David Cronenberg's "Crimes of the Future" is the story of an aging man. The man (Viggo Mortensen, 63) is the human race. Choking and shuffling, this "performance artist" can't eat, have sex or feel pain in the old ways, but he and a few others have grown new organs that adapt them to their polluted environment at the cost of their former humanity. Wow, it's funny.
With films such as "Rabid" (1977), "Videodrome" (1983) and "Dead Ringers" (1988), Cronenberg has always laughed at our sickness. His candy-colored, low-tech style makes his social commentary go down easy, and we always feel we're dealing with a subtle, engaging artist, not a preacher à la Adam McKay bludgeoning us with "Don't Look Up."
Cronenberg has constructed a "Future" with remarkable consistency and dark, dusty beauty. Everything's old. Archives are kept on paper. Everyone gets around by walking; even ships are used only as rusting backdrops. Specialized technology is operational . . . for the sake of art and sex!
That last Cronenberg obsession reaches a peak in "Crimes" -- organic yet surgical machines prod exposed innards and silky skin as faces writhe in ecstasy. We're reminded of the key line in "Andy Warhol's Frankenstein" (1973): "To know death, Otto, you have to f*ck life in the gallbladder!" (In 1987, Warhol died unexpectedly at 58 after gallbladder surgery.)
Indeed, the man needs to know death, but he's distracting himself from the great inevitable. As much as he tries to make art out of his novel tumors, it doesn't matter whether they're cancers or transformers: The former man will soon be gone. It's no accident that Cronenberg has dressed Mortensen in a black hood to resemble Death in Ingmar Bergman's "The Seventh Seal." The man not only embodies his own death, but represents the demise of his entire species.
As usual, Cronenberg depicts our ambivalence about every essential issue by filling "Crimes of the Future" with double agents and twins.
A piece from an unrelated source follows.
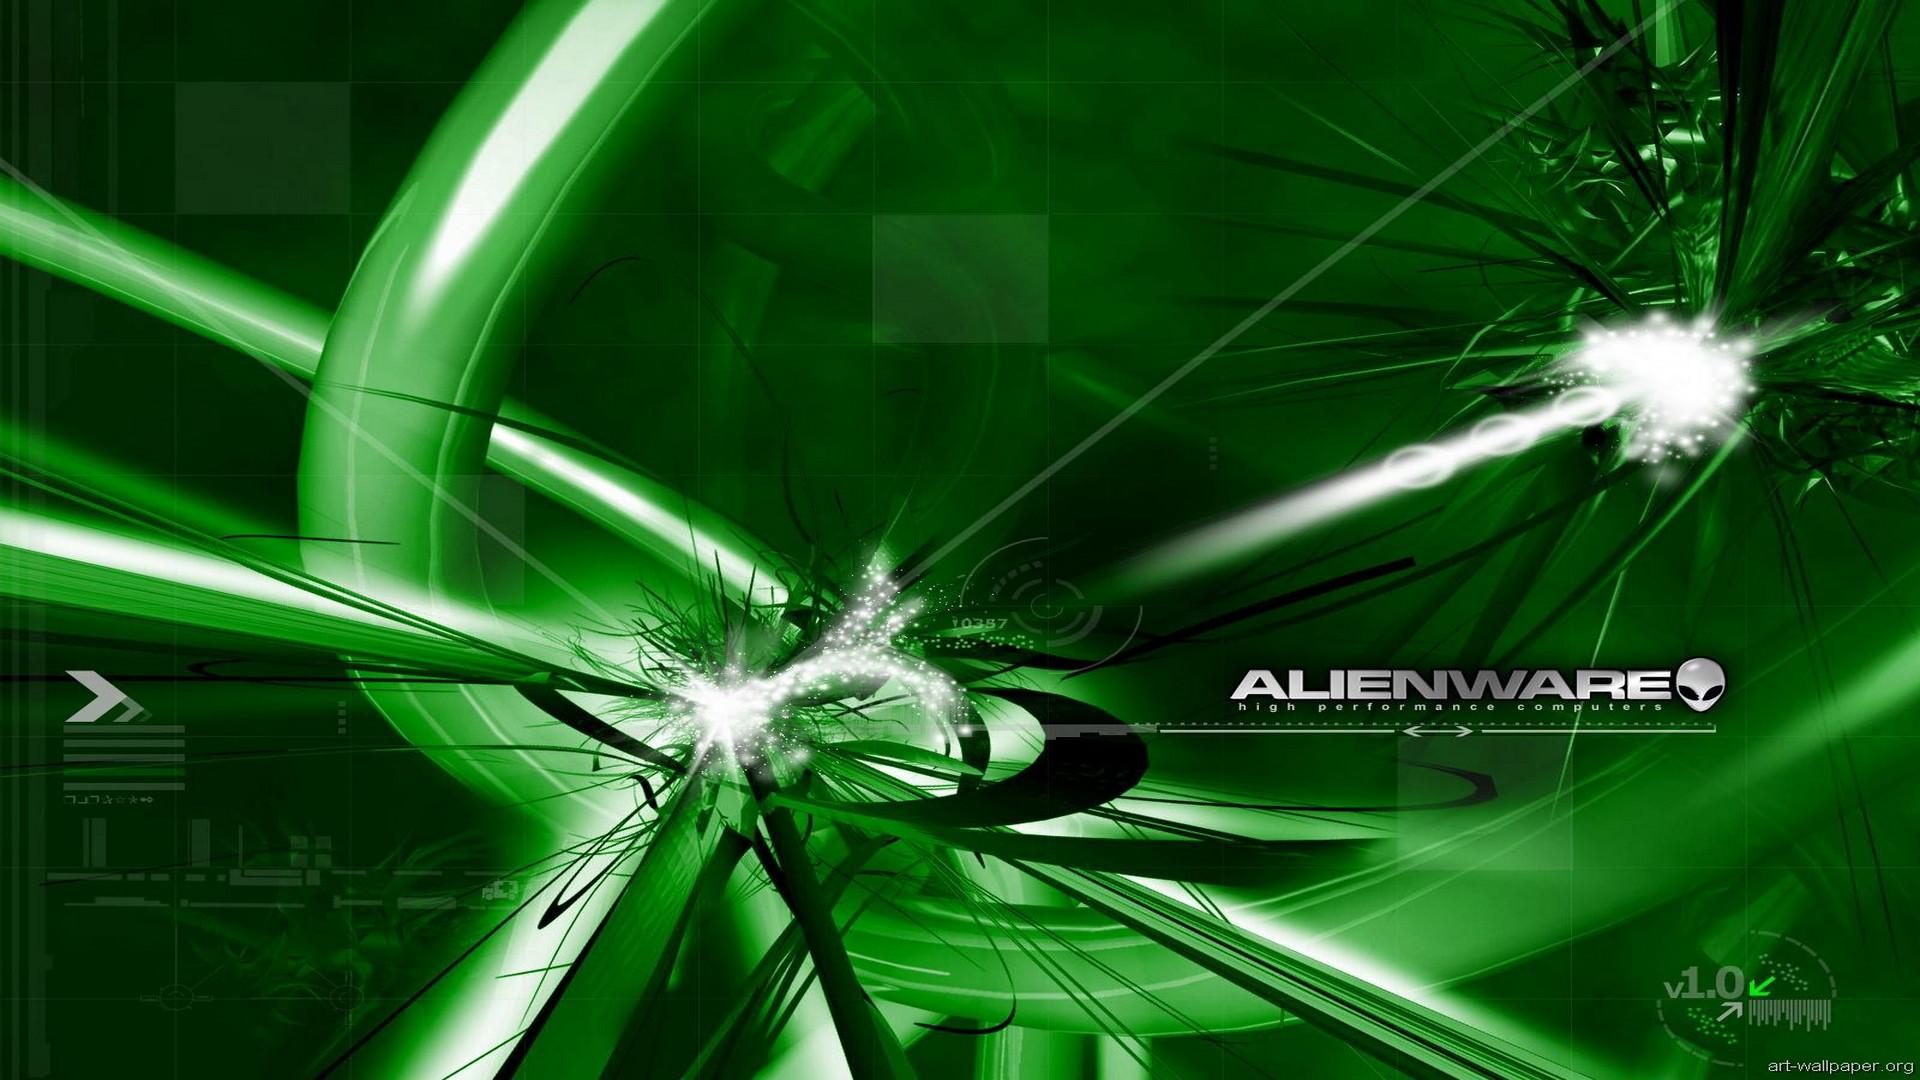 Green Alienware wallpaper 148913

Our main man is named Saul, after the persecutor-turned-champion of Jesus; he is courted by both extremes in the evolutionary and sexual wars. There are twin assassins of different ages who act alike and somehow look alike in different ways. Everyone is betraying his partner, and no one seems to care. There is even a sort of sacrificial neo-Christchild who is betrayed by everyone.
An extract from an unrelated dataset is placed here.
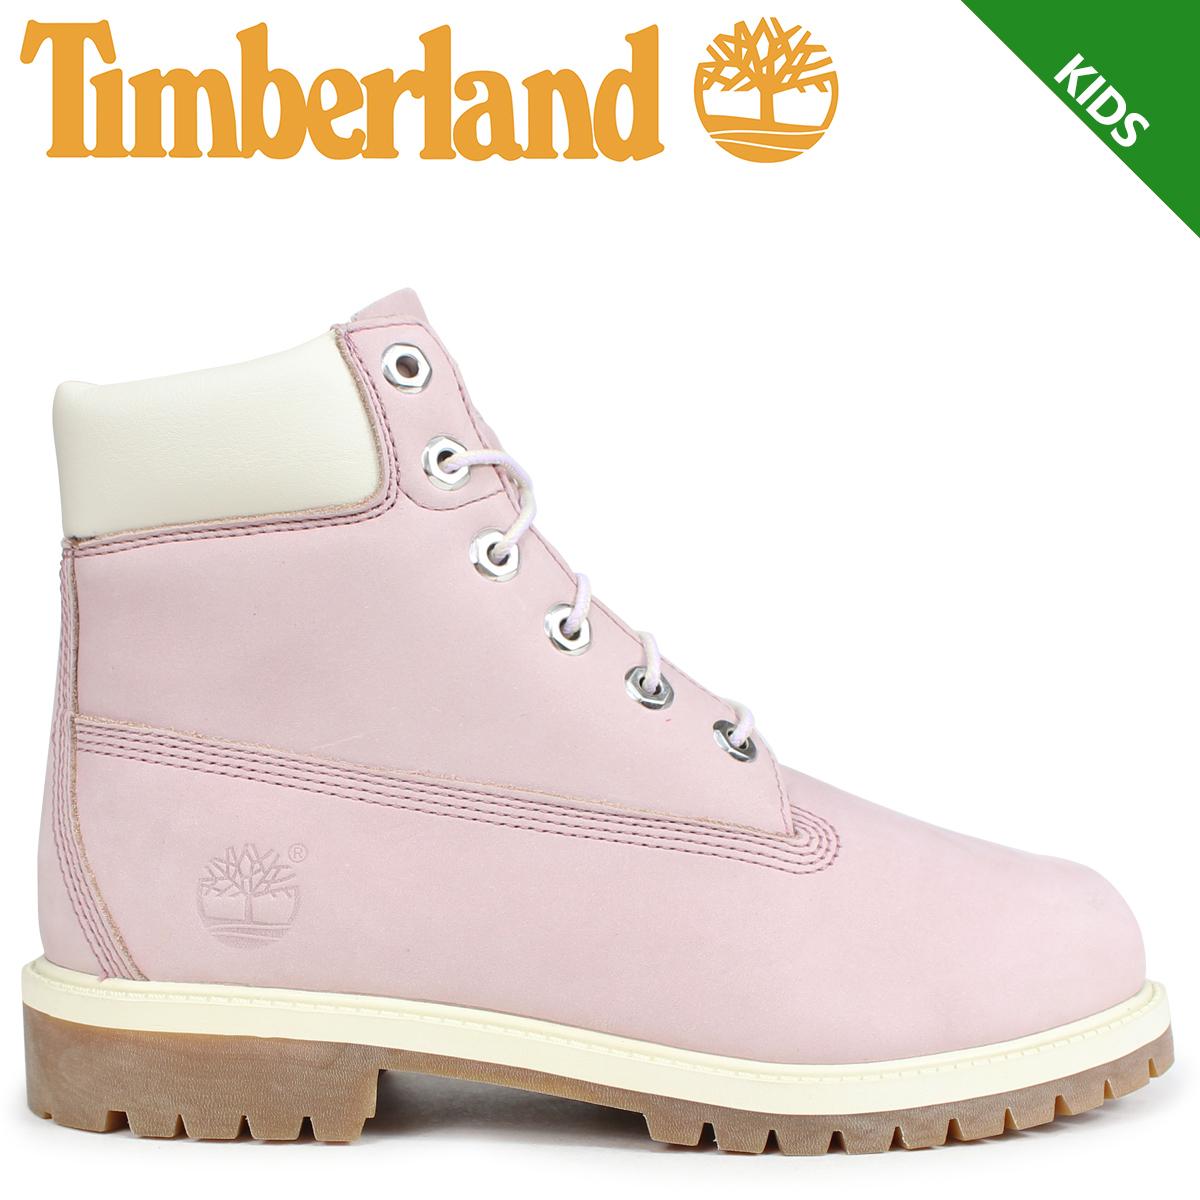 Timberland ブーツ レディース 6インチ ティンバーランド キッズ JUNIOR 6-INCH PREMIUM WATERPROOF BOOTS 34992 Wワイズ ピンク

Time collapses, abetted by Howard Shore's score, which sounds as if it were performed entirely on a 1980 Fairlight synthesizer, all grandiose wheeze & cheese. "Everyone wants to be a performance artist"? Well, the cultural wheel keeps turning. If you're old enough and have replaced enough body parts, you've seen every touchstone return, as it will again and again until nothing returns.
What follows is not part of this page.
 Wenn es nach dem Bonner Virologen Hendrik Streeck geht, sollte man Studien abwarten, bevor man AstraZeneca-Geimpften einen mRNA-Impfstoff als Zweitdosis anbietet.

Cronenberg's camera loves Léa Seydoux as Caprice, Saul's performance partner, and it should, because she is perfect. Kristen Stewart, "attractive, in a bureaucratic sort of way," is irresistibly twitchy.
After we stop chuckling at Cronenberg's deadpan jokes, and thinking about whether we should gulp another fistful of pills for our own acid reflux, stop watching the news, or just gulp a fistful of something stronger, we can think about another matter the director brings up.
Did we will all this destruction? If we can persuade ourselves that it's just evolution, we'll sleep better. And if we don't wake up, tough shit.